If you see three guys rolling around on orange Surly Trolls anytime this weekend, flag us down for a chat! We have been riding our bicycles from Alaska since August and are on our way to Argentina to benefit Habitat for Humanity.


----------



## Argentius (Aug 26, 2004)

*Enjoy PDX!*

If you have not heard, Portland is sort of the bike mecca of the country...am from there originally but live in Tacoma, WA now.

As far as 'cross crusade goes, it IS a massive spectacle, four-digit numbers of racers plus tons of fans, you can go at least to enjoy, even if not racing.

For cheap eats, Portland's street food / cart scene was always big, but, it has gotten stupid crazy in the last few years. You can eat anything you want from these things, and pretty affordable. A few have shuttered for the winter but there is still a lot to be had.

Yes, all of Portland is bikeable. Very, very bikeable.
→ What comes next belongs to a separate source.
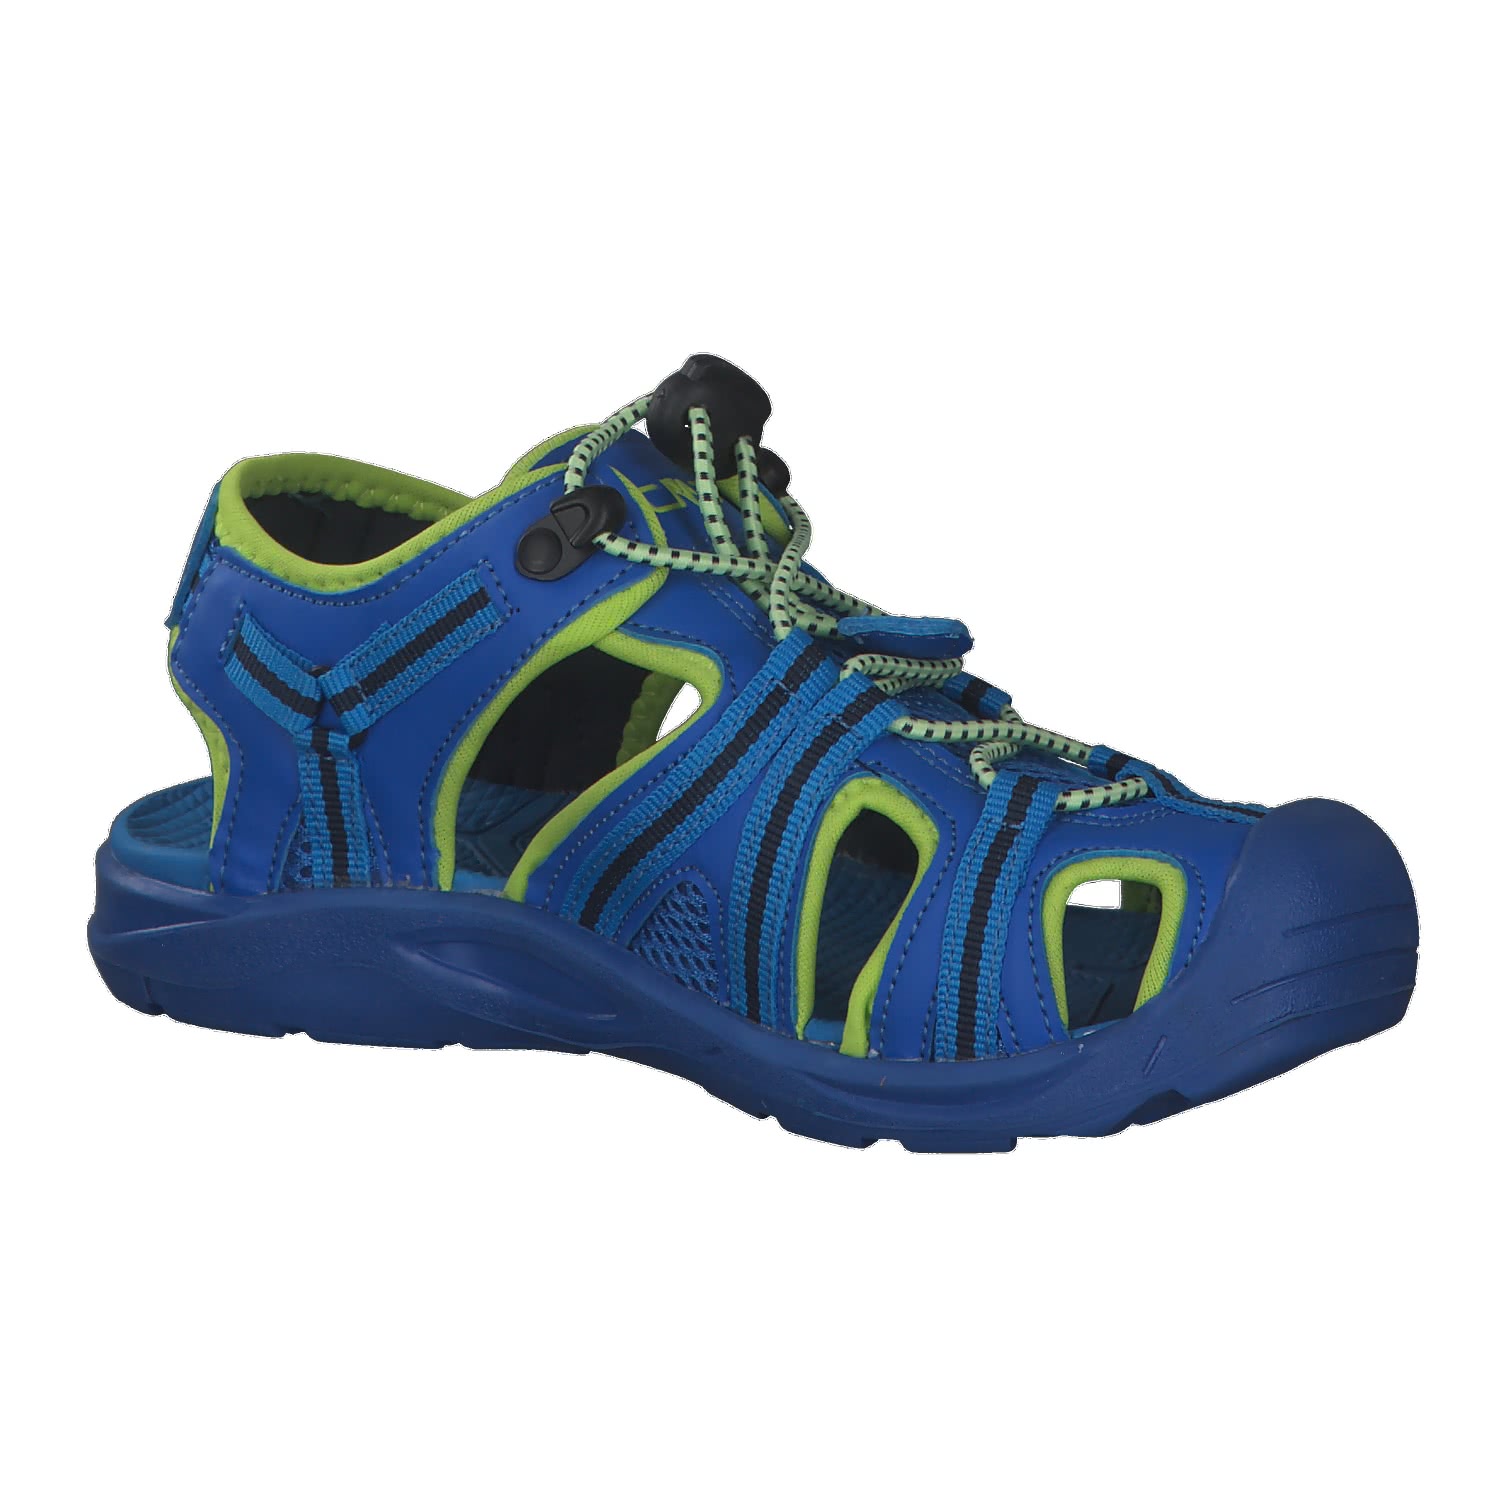 Kinder Sandal Aquarii | 2.0 Sandale eBay Hiking CMP 30Q9664

In addition, bikes are freely able to board mass transit, and PDX has a well built-out network of streetcar and light rail.

Forest park is the largest in-city park in the country, I hear -- if you've got fat tires there's lots of semi-paved and gravel type roads to trek about a bit and enjoy the scenery, though it's pretty hilly and yours truly is not an experienced fully loaded tourer.

Safety -- PDX is no New York, and I never had a problem with a basic u-lock, but, as cycling has exploded in the last few years I am not sure how security has been affected. I mean, check out the multi-level bicycle parking garage on Portland State's campus!

As far as stuff to do, I am not a big hard-partier, so you'd have to look elsewhere for club scene recommendations, but, you can bike along the river, roll over a couple of old bridges, maybe across the hawthorne to check out now famous Stumptown Coffee on Belmont -- if you're into good beans, anyway. I *am* a big fan of the oldschool quarter arcade down near the river on NW couch.

Still on the west side, a local staple which I did not realize had become all kinds of famous was Powells Books, which is worth the visit even if you are not carting a ton of literary awesomeness home with you...

Enjoy your stay!


----------



## DM.Aelis (Jun 19, 2007)

Thank you Argentius, very very helpful!


----------



## PomPilot (May 17, 2006)

Well guys, there is one pod of food carts at southeast 12th and Hawthorne that has places which serve barbecue, pizza, Belgian style frites, Mexican or crepes. All seem to offer regular, vegetarian or vegan items at a reasonable price. Or you can check out the Rose and Thistle Public House on northeast Broadway near 23rd around 7:30pm Saturday night. I'll be there (hopefully with some friends I went to school with). Hint, I'll may or may not be the only one in joint wearing a kilt that night. But if you see a purple Tam O'Shanter, that should be me. Or ask a hostess where I'm at. 

One place you will have to check out, if only for the people watching, is Voodoo Doughnut. For a ten dollar bill, you can get a bacon-maple bar, and a couple more unique doughnuts, and _maybe_ some change back. Ask almost anyone in Portland where the nearest of their two locations is to you at that time.


----------